LAUSR

Abstract Bone tissue engineered scaffolds can improve and accelerate the tissue regeneration alongside controlled release of drugs and signaling molecules while providing a suitable condition for cell adhesion and, proliferation. The current study involves the fabrication of Poly (ɛ-caprolactone) (PCL) electrospun scaffolds enriched with vitamin D3 (VD3)-loaded layered double hydroxides (LDHs) nanohybrid, in different concentrations. Characterizations confirmed successful synthesis of LDH and formation of crystalline planes and intercalation of VD3 in LDH with 65% encapsulation efficiency. Addition of low concentrations of LDHs nanohybrid to PCL scaffold led to a decrease in the fiber diameter; however, an increase in the surface roughness was observed at higher concentrations. Mechanical properties and porosity of the scaffolds were also evaluated and the results showed a decrease in elongation modulus in nanohybrid enriched scaffolds and no significant differences in porosity percentage was observed. Studies on bioactivity of scaffolds subjected to simulated body fluid (10 X SBF) indicated that the VD3 encouraged the formation of apatite-like crystals in vitro. Furthermore, the degradation rate of scaffolds increased due to the addition of nanohybrid. The cumulative release of VD3 showed the same pattern for all scaffolds through the diffusion as the main controlling mechanism of release. In vitro biological responses of the scaffolds were studied using MG-63 cell lines culture.

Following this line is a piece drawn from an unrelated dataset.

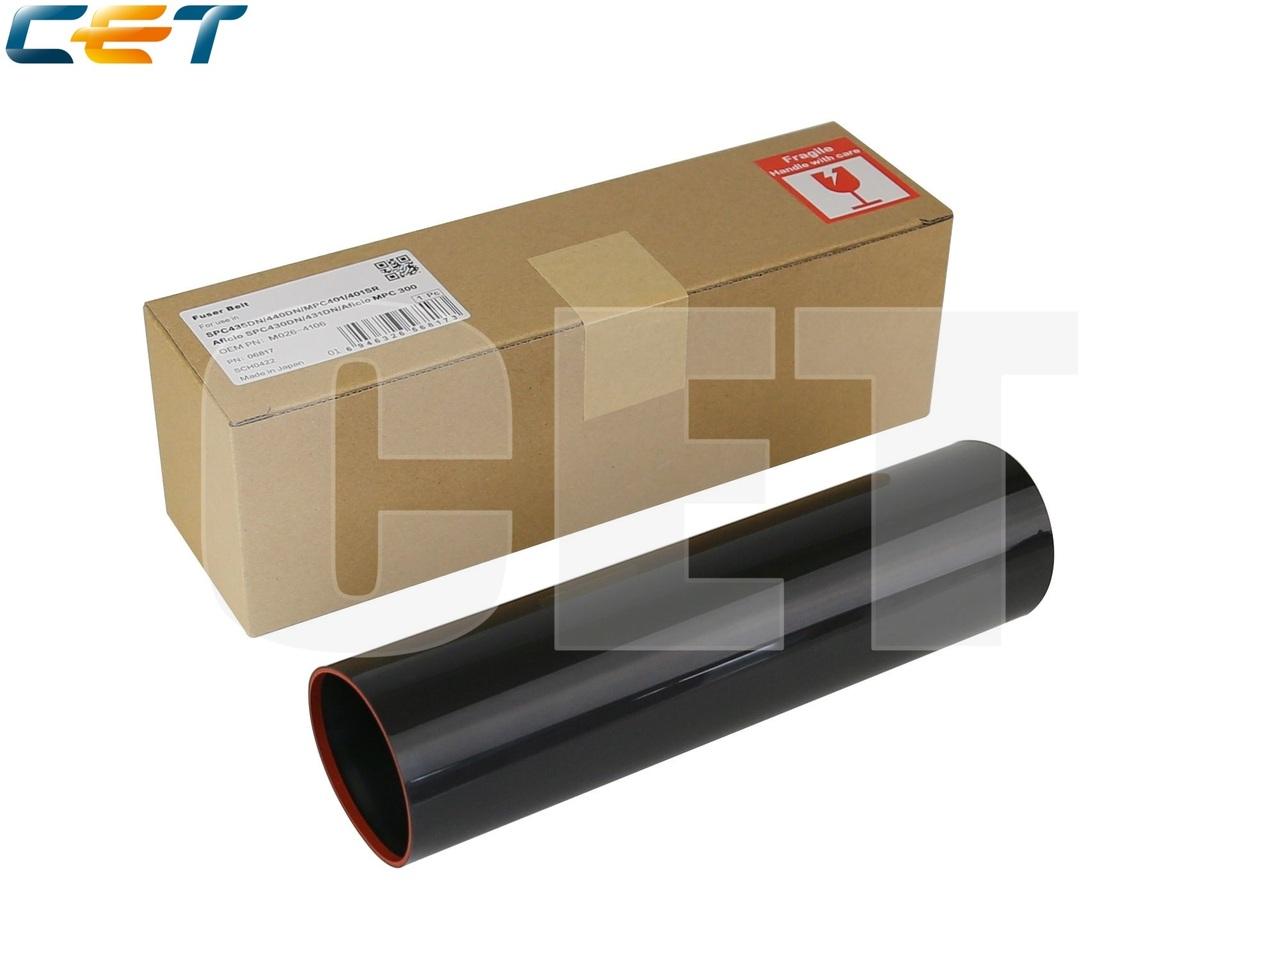 Термопленка M026-4106 для RICOH AficioSPC430DN/431DN/440DN/MPC300SR/400SR/401 (CET),CET6817

The results indicated that nanohybrid containing scaffolds could highly support cell adhesion and proliferation. Likewise, alkaline phosphatase activity as an indicator of osteoconductivity for scaffolds showed no significant differences between nanohybrid containing and pure PCL scaffolds (p > .05). The results confirmed the potential of VD3-loaded LDH/PCL electrospun scaffolds for bone tissue engineering.